Analysis of the biplot: 

The plot shows individual variable categories in relation to dimensions 1 and 2. The first dimension accounts for 15.2 % and the second dimension for 14.2 % of the total inertia. The first dimension seems to be related to the packaging of the tea and where it is bought. On one end there are such variables as tea bags and tea from chain stores and on the other end there is unpackacked tea and tea shops. The second dimension seems to describe the tea type and tea supplements. 
Categories of the same variable are colored with the same color. The distance between the variable categories gives a measure of their similarity. For example in the bottom right corner we see that people who use unpacked tea buy their tea from a tea shop rather than chain store.

**Other MCA plotting options**

Explore options to present MCA output. Control automatically the color of individuals. 

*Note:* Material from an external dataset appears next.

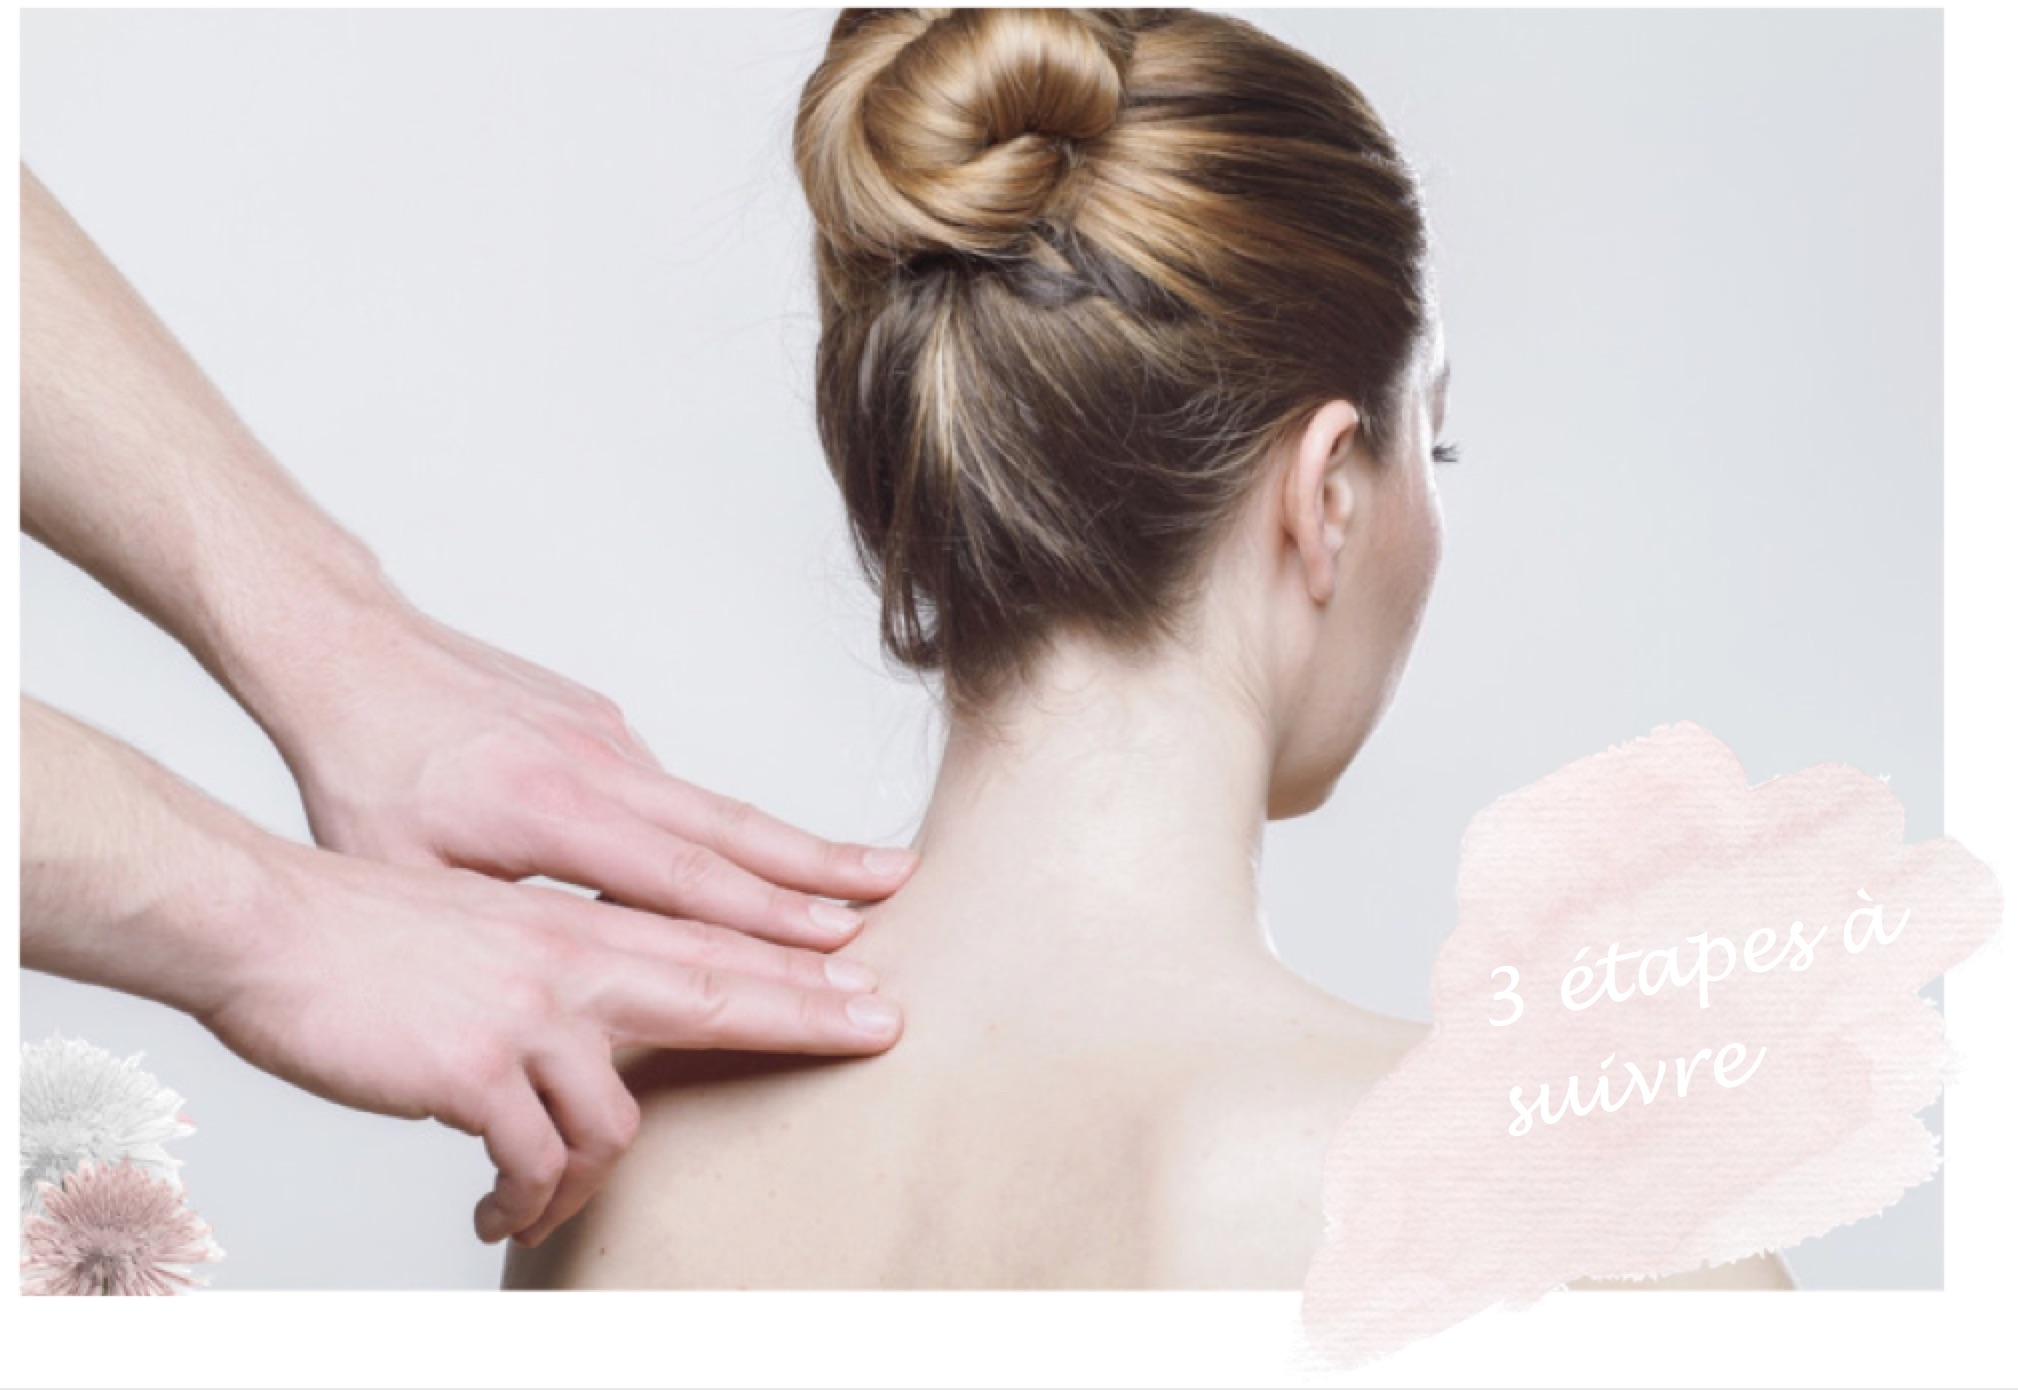 Comment soigner son mal de dos

Here I reduced the font sizes by adding cex command and also gave the command to plot the 10 most contributing individual to dimensions. I plotted the quality of individuals (cos2 greater than 0.1).

```{r fig.width=10, fig.height=10}

plot(mca, invisible=c("quali.sup"), cex=.8, selectMod = "cos2 0.1", select = "contrib 10") 
```

The following biplot represents the individuals by their cos2 values.

```{r fig.width=10, fig.height=10}
library("factoextra")
fviz_mca_ind(mca, col.ind = "cos2", repel = TRUE)
```
The last biplot highlight groups of tea consumption during lunch time and outside of it. I also added concentration ellipses based on the individual groups.

```{r fig.width=10, fig.height=10}
if (FALSE) {
# You can also control the transparency 
# of the color by the cos2
fviz_mca_ind(mca, alpha.ind="cos2")
}

# Color individuals by groups, add concentration ellipses
# Remove labels: label = "none".
grp <- as.factor(tea_time[, "lunch"])
p <- fviz_mca_ind(mca, label="none", habillage=grp,
       addEllipses=TRUE, ellipse.level=0.95)
print(p)
```

Different representation of MCA output allows to highlight specific features of the dataset as it requires for the analysis.